MÉTADONNÉES
Éditeur : Rédaction Divertissement, nouvelles-du-monde.com
Date de publication : 24 avril 2026
Catégorie : Divertissement / Justice
Mots-clés : Cher, Elijah Blue Allman, mise sous tutelle, conservatorship, santé mentale, Los Angeles, New Hampshire
Crédits : Basé sur des rapports de Fox News Digital et des sources judiciaires.
Justice : La demande de mise sous tutelle d’Elijah Blue Allman par Cher rejetée par un juge
Par la Rédaction de nouvelles-du-monde.com
L’espoir de Cher de placer son fils, Elijah Blue Allman, sous tutelle protectrice s’est heurté à la rigueur de la loi californienne. Vendredi dernier, la juge Jessica Uzcategui a rejeté la demande de mise sous tutelle temporaire déposée par l’icône de la musique, estimant que les preuves fournies ne justifiaient pas une telle mesure restrictive.

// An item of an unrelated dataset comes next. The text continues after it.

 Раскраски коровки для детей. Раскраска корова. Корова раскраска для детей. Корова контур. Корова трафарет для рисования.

Un seuil juridique non atteint
Malgré les préoccupations alarmantes exprimées par la chanteuse de 79 ans, la justice a tranché : l’urgence et les preuves ne sont pas suffisantes. « Je comprends certainement les inquiétudes des amis et de la famille de M. Allman, mais ces préoccupations ne démontrent pas qu’une mise sous tutelle est appropriée », a déclaré la juge Uzcategui lors de l’audience.

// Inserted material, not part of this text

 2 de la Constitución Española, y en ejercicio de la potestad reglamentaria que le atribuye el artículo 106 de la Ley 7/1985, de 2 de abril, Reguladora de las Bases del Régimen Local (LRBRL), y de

Pour Cher, cette démarche était une tentative désespérée de stabiliser la vie de son fils de 49 ans, qu’elle décrit comme incapable de gérer ses finances en raison de problèmes sévères de toxicomanie et de santé mentale.
Un cycle de détresse et de chaos financier
Le dossier déposé par Cher brosse le portrait d’un homme en perdition. Selon les documents obtenus par Fox News Digital, Elijah Blue Allman suivrait un schéma destructeur : dès la réception de ses distributions de fonds fiduciaires (trust), il s’installerait dans des hôtels de luxe, notamment le célèbre Chateau Marmont, pour consommer des stupéfiants jusqu’à l’épuisement de ses ressources, menant souvent à des hospitalisations ou des overdoses.

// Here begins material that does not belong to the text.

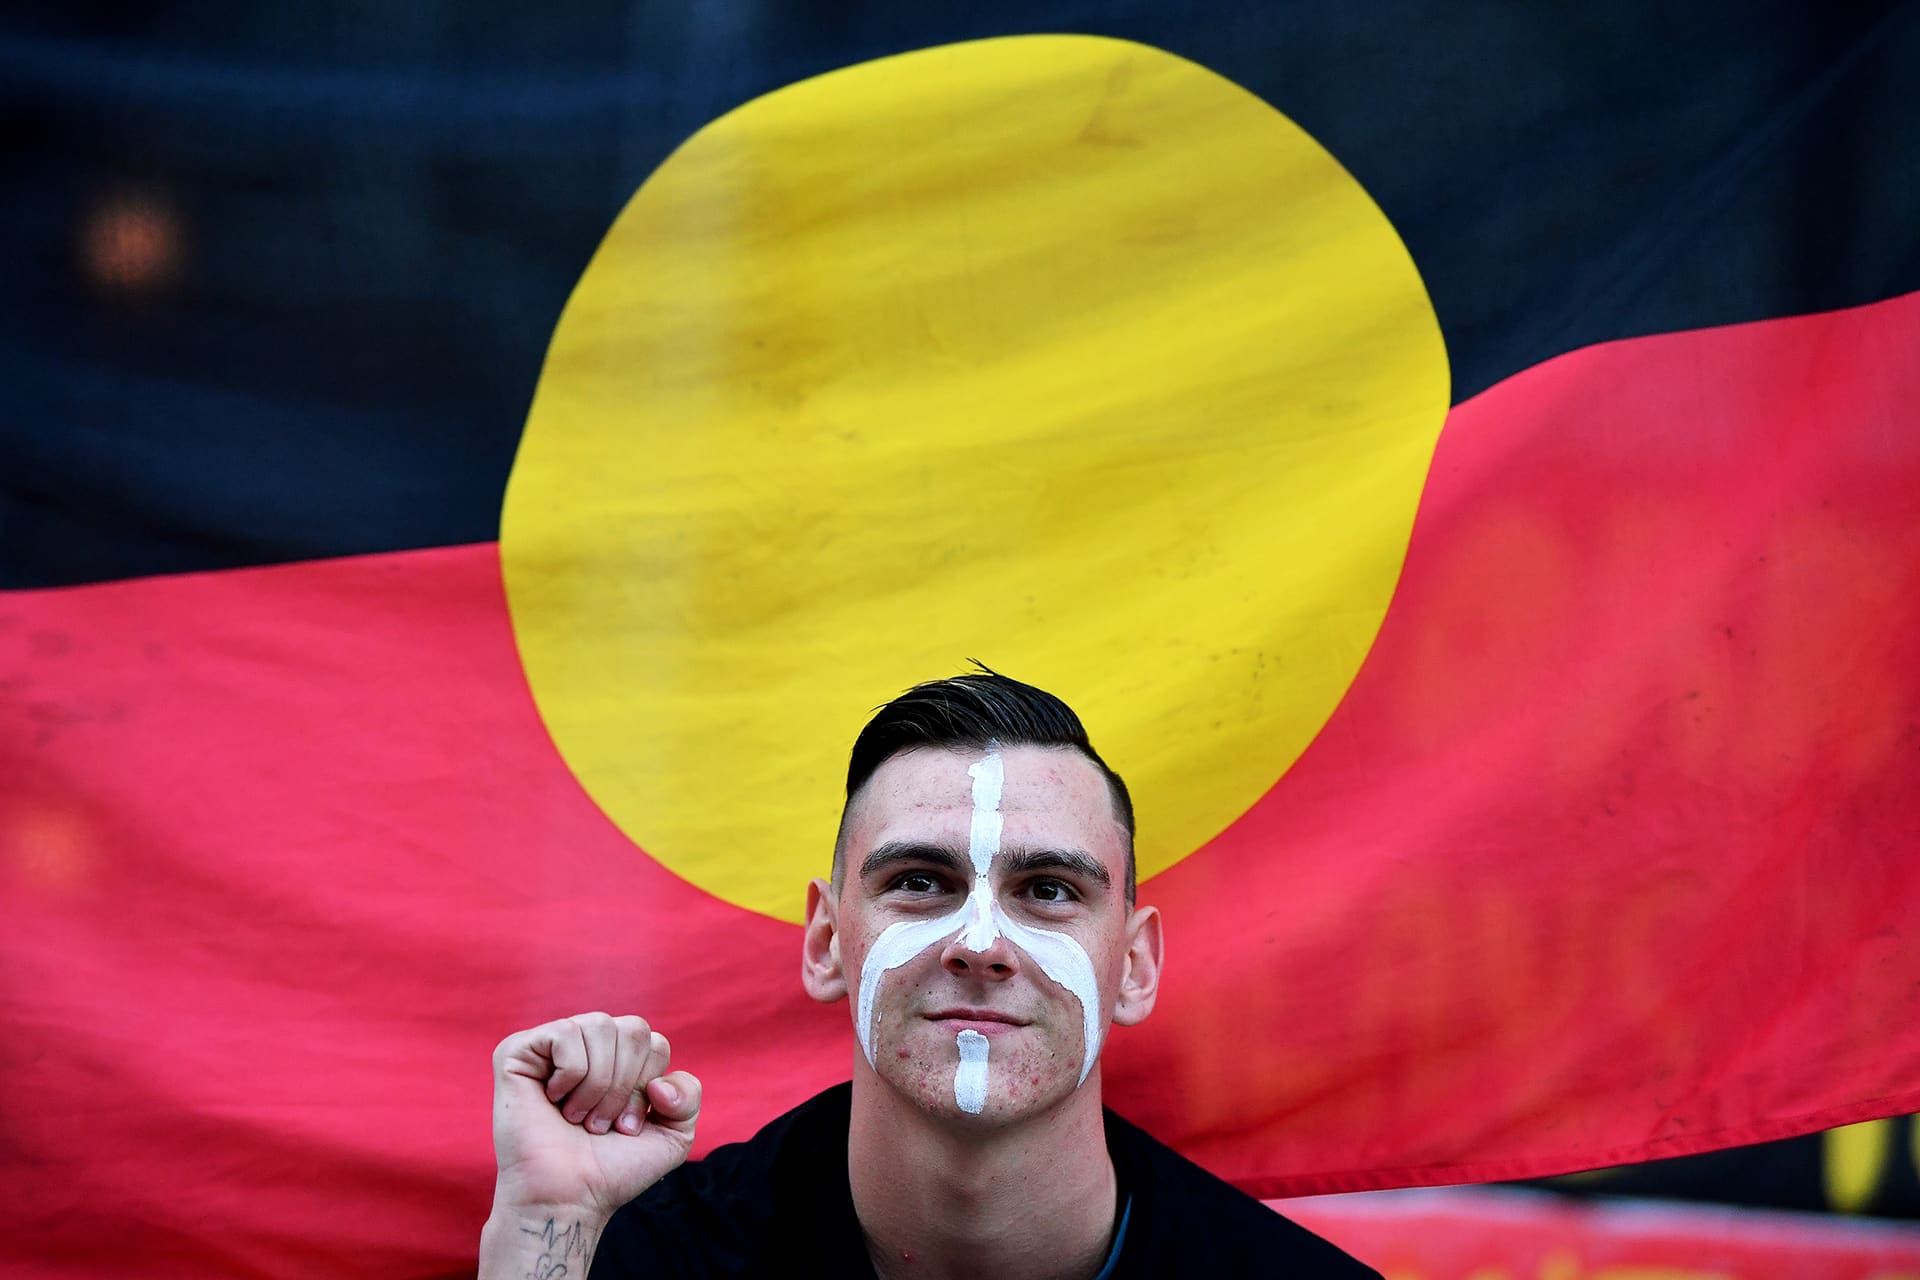 Aboriginaalien oikeuksia puolustava mielenosoitus Sydneyssa australiassa elokuussa 2017.

L’impact financier et matériel de ce comportement est considérable. Cher a révélé que son fils a été expulsé de 18 hôtels pour comportement erratique et insultes. Plus grave encore, Allman aurait causé des milliers de dollars de dommages dans 14 locations Airbnb louées au nom d’une amie proche, Kayti Pease. Le dernier séjour aurait engendré à lui seul plus de 50 000 dollars de dégâts, entraînant une action en justice contre Mme Pease.
Entre casier judiciaire et isolement familial
L’urgence invoquée par Cher s’appuie également sur une série d’incidents criminels récents dans le New Hampshire. Elijah Blue Allman est actuellement retenu dans un hôpital psychiatrique de cet État, faisant face à plusieurs accusations :

- En mars : Burglary (cambriolage avec effraction), deux chefs de dommages criminels et violation de caution.
- Le 27 février : Arrestation dans un lycée privé du New Hampshire pour deux chefs d’agression simple, violation de domicile et menaces criminelles.
Sur le plan personnel, le réseau de soutien d’Allman semble s’effriter. Cher a affirmé que seule Kayti Pease a réussi à « le maintenir en vie ». Quant à son ex-épouse, Marieangela King, elle est décrite comme une option non viable pour son soutien, étant désormais l’une de ses principales créancières. La justice a en effet condamné Allman à lui verser 6 500 dollars par mois de pension alimentaire rétroactivement au 1er juillet 2025, en plus de 10 000 dollars de frais juridiques.
L’enjeu public : La limite entre protection et autonomie
Cette affaire soulève une question fondamentale souvent débattue dans les tribunaux américains : où s’arrête le droit d’un parent à protéger un enfant adulte et où commence l’autonomie individuelle, même en cas de pathologie ?

Cher avait déjà tenté une démarche similaire en 2023. À l’époque, Elijah avait évité la tutelle en promettant d’engager un gestionnaire financier et de s’appuyer sur son épouse pour sa convalescence. Pour la chanteuse, ces engagements n’étaient que « des mots ». Pour la justice, en revanche, le passage à une tutelle forcée exige un niveau de preuve et d’urgence que le dossier actuel ne permet pas de valider.